Ballad
Page 9
Wretched half-demons who lay curled in the dirt,
trapped by my power, rise up and follow.
Your day is coming.
Hear my voice. Prepare to feast.
James shivered, hard, drawing his head down, covering it with his hands. He stayed that way, knuckles white on the back of his head, until the thorn king’s song had died and the sun had disappeared, leaving us in blackness. He slowly sat up, and the way he looked at me made me realize that something had changed between us, but for once, I didn’t know what.
“Do you ever get the feeling something awful might happen?” James asked me, but it wasn’t really a question.
I sat up. “I’m the awful thing that happens.”

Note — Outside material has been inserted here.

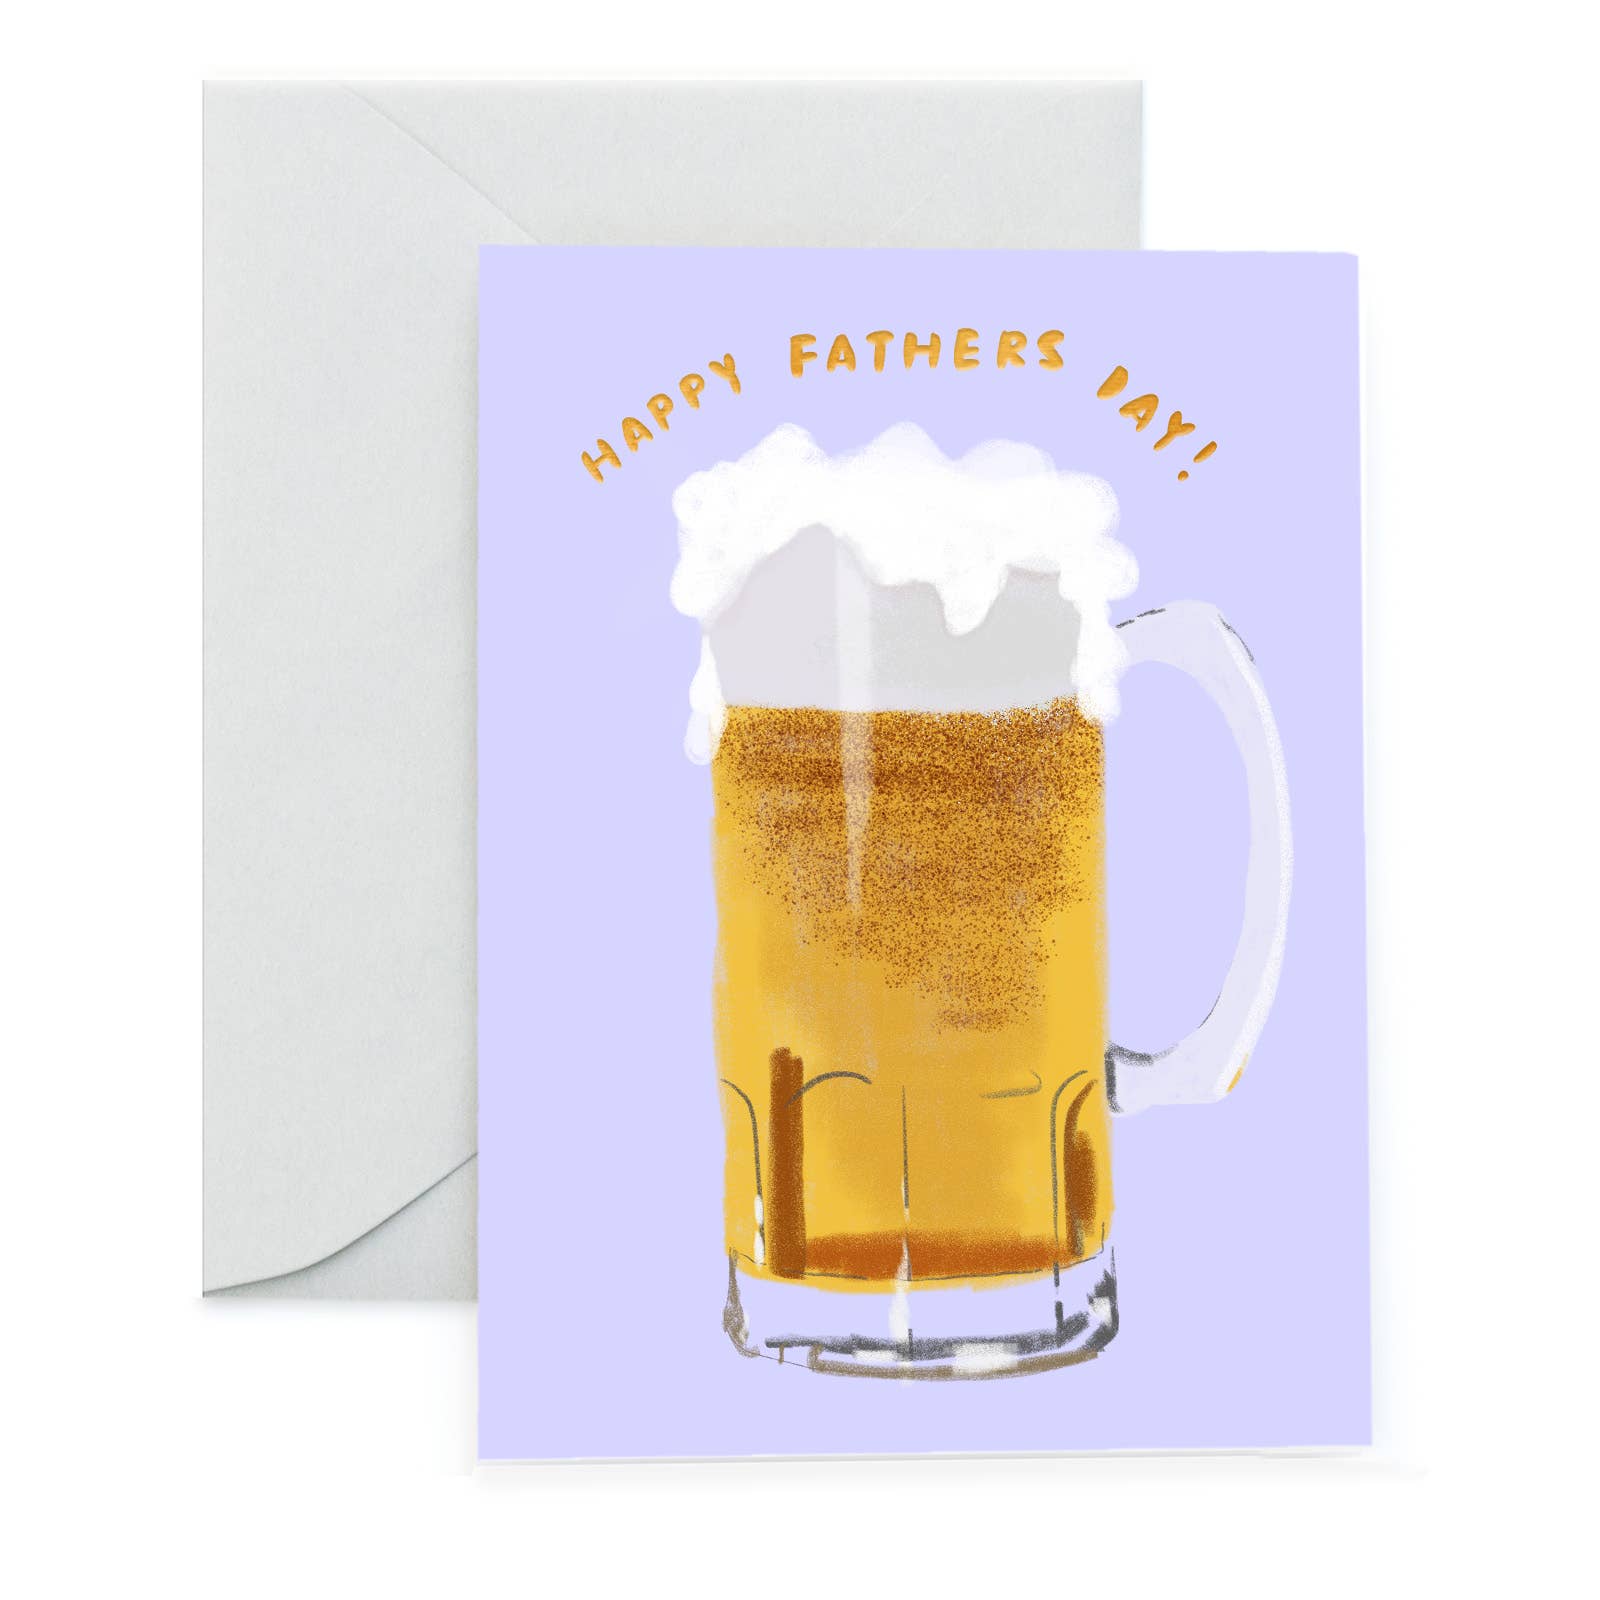 Father's Day greeting card. Text up top reads "Happy Father's Day" with an image of a frothy beer mug below

James pulled up his hood and stood up. Then—small miracles—he held out his hand to help me up, as if I was a human. His voice was rough. “Like you said. Something worse than you.”
James
Washington, D.C. was one thousand miles away from Thornking-Ash. Okay, not really. But it felt that way. It felt as if the bus that we’d rode in to get to the Marion Theater was a spaceship that had taken us from a remote planet covered in fall leaves to a concrete-covered moon punctuated by purposeful decorative trees and populated entirely by aliens in business suits.
Paul sat in the seat beside me, by the window so he wouldn’t puke, while I took pens apart and balanced the pieces on a notebook on my lap. Somewhere, in the front of the bus, was Deirdre. Most of my brain was up there with her.

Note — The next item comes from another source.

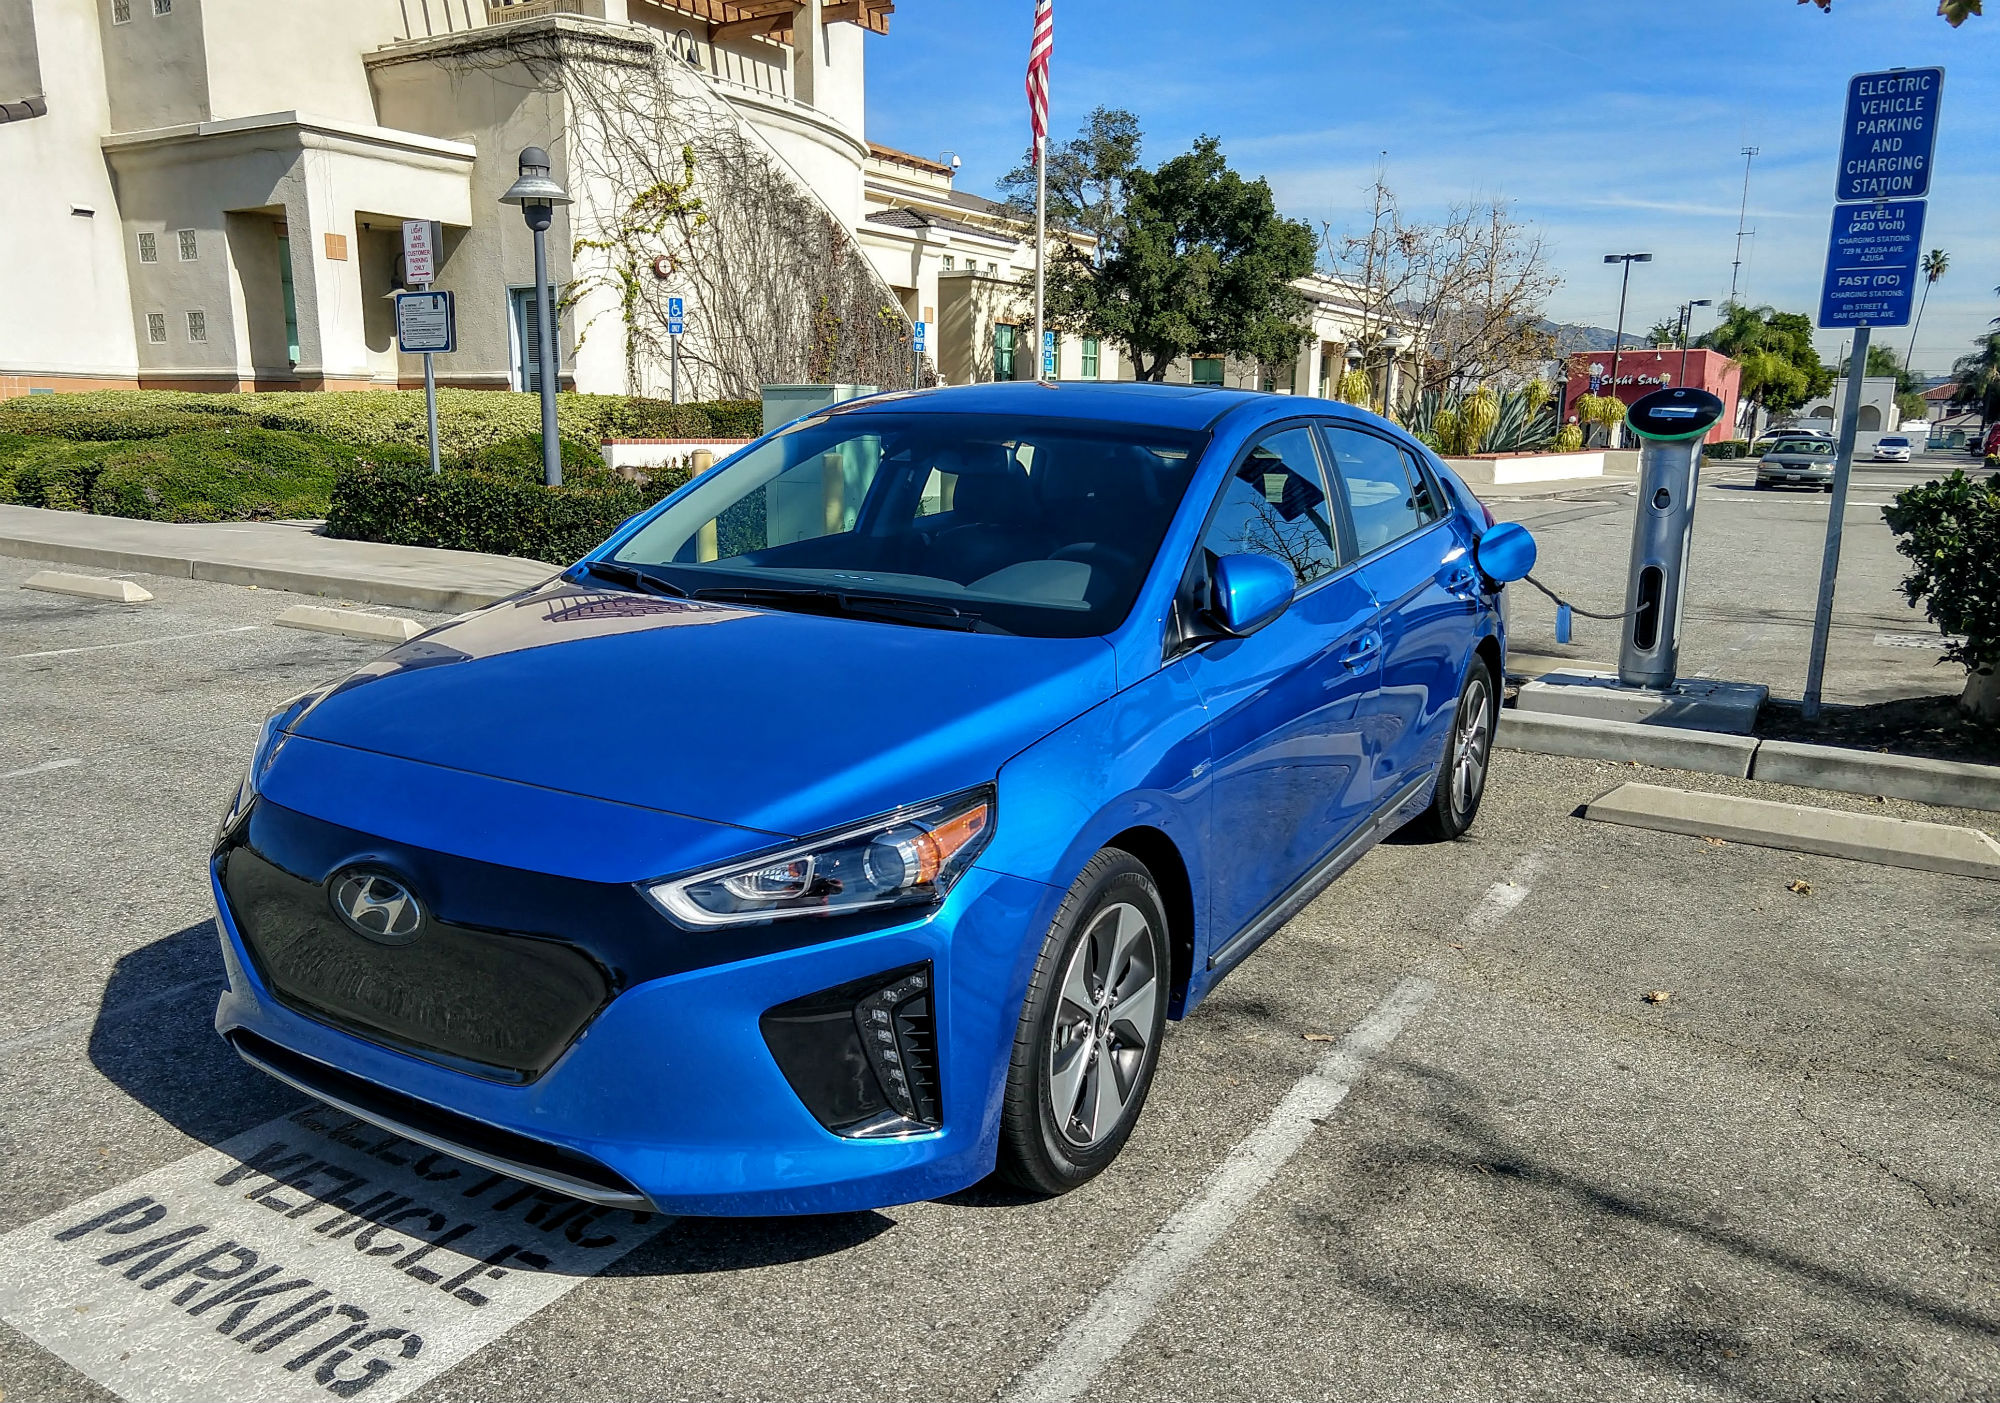 Luchtpost lucht Bij naam 2017 Hyundai Ioniq Electric Review: Going the Distance - TheIgnitionBlog.com

Outside the window, afternoon light slanted between the tall buildings of D.C., snaking a stripe of sun in here and there where it could manage. Where it kissed the tops of the buildings, it glowed blood-red. There were hundreds of people on the sidewalk—tourists, businessmen, poor people whose eyes seemed to look into the bus with hunger or resentment or exhaustion. They all looked lonely to me. All alone in a sea of people.
Beside me, Paul said heavily, “I need to get drunk.” He said lots of things in that ponderous, heavy way, but this was a change from his usual repertoire. Usually when you pulled the string on Paul’s back, he said something like, “I do not get what he’s trying to say here,” while staring at an open book or stack of notes. Or, “I’m tired of no one noticing the nuances of the oboe, man.” Very few people notice the nuances of the bagpipes either, and I would’ve had a sympathetic conversation with him about it if the oboe didn’t suck so bad as an instrument.
I looked away from the people outside to the pens on my notebook, parallel parked bits of pen. They jiggled a little when the bus pulled away from a light. “Drunk sounds so crass. ‘Soused’ or ‘blitzed’ is a bit more romantic.”
“Man, if I don’t get drunk soon, I might never get the chance.” Paul eyed my lap. He handed me his pen from his backpack and I took it apart as well, adding its innards to the collection. “When will I have this sort of opportunity again? No parents? A mostly unsupervised dorm?”
“Uhh, I don’t know, maybe that little event they call college. I’m told it comes after high school for highly privileged white kids like ourselves.” I began to screw the pens back together, mixing the pieces up to create three Frankenpens.
“I could die before then. Then what, I’m dead and I never got drunk? So, what, I’d arrive at the pearly gates a sober virgin?”
That struck a chord with me. I used one of the pens to write sainted on the back of my hand. “I think a lot of people would argue that’s the only way to get to the pearly gates. Why the sudden push for getting sloshed?”
Paul shrugged and looked out the window. “I dunno.”
I suppose if I’d been a responsible adult, I’d have told him that he didn’t need to get drunk to be self-actualized or whatever. But I was bored and generally irresponsible by nature or by choice, so I told him, “I’ll get it for you.”
“What?”
“Beer, Paul. Focus. That’s what you want, right? Alcohol?”
Paul’s eyes became even rounder behind his glasses. “Are you serious? How—”
“Shh, don’t bother your head about my mysterious methods. That’s what makes me me. Have you had beer before?” I wrote beer on the side of my index finger, since I’d run out of room on my hand.
Paul laughed. “Ha. Ha. Ha. My parents say beer defiles the soul.”
I grinned at him. Even better. This was going to be insanely entertaining. Things were looking up.
“What are you grinning at, James?” Sullivan, a few seats ahead of us, had turned around and was peering at me suspiciously. “It’s vaguely sinister.”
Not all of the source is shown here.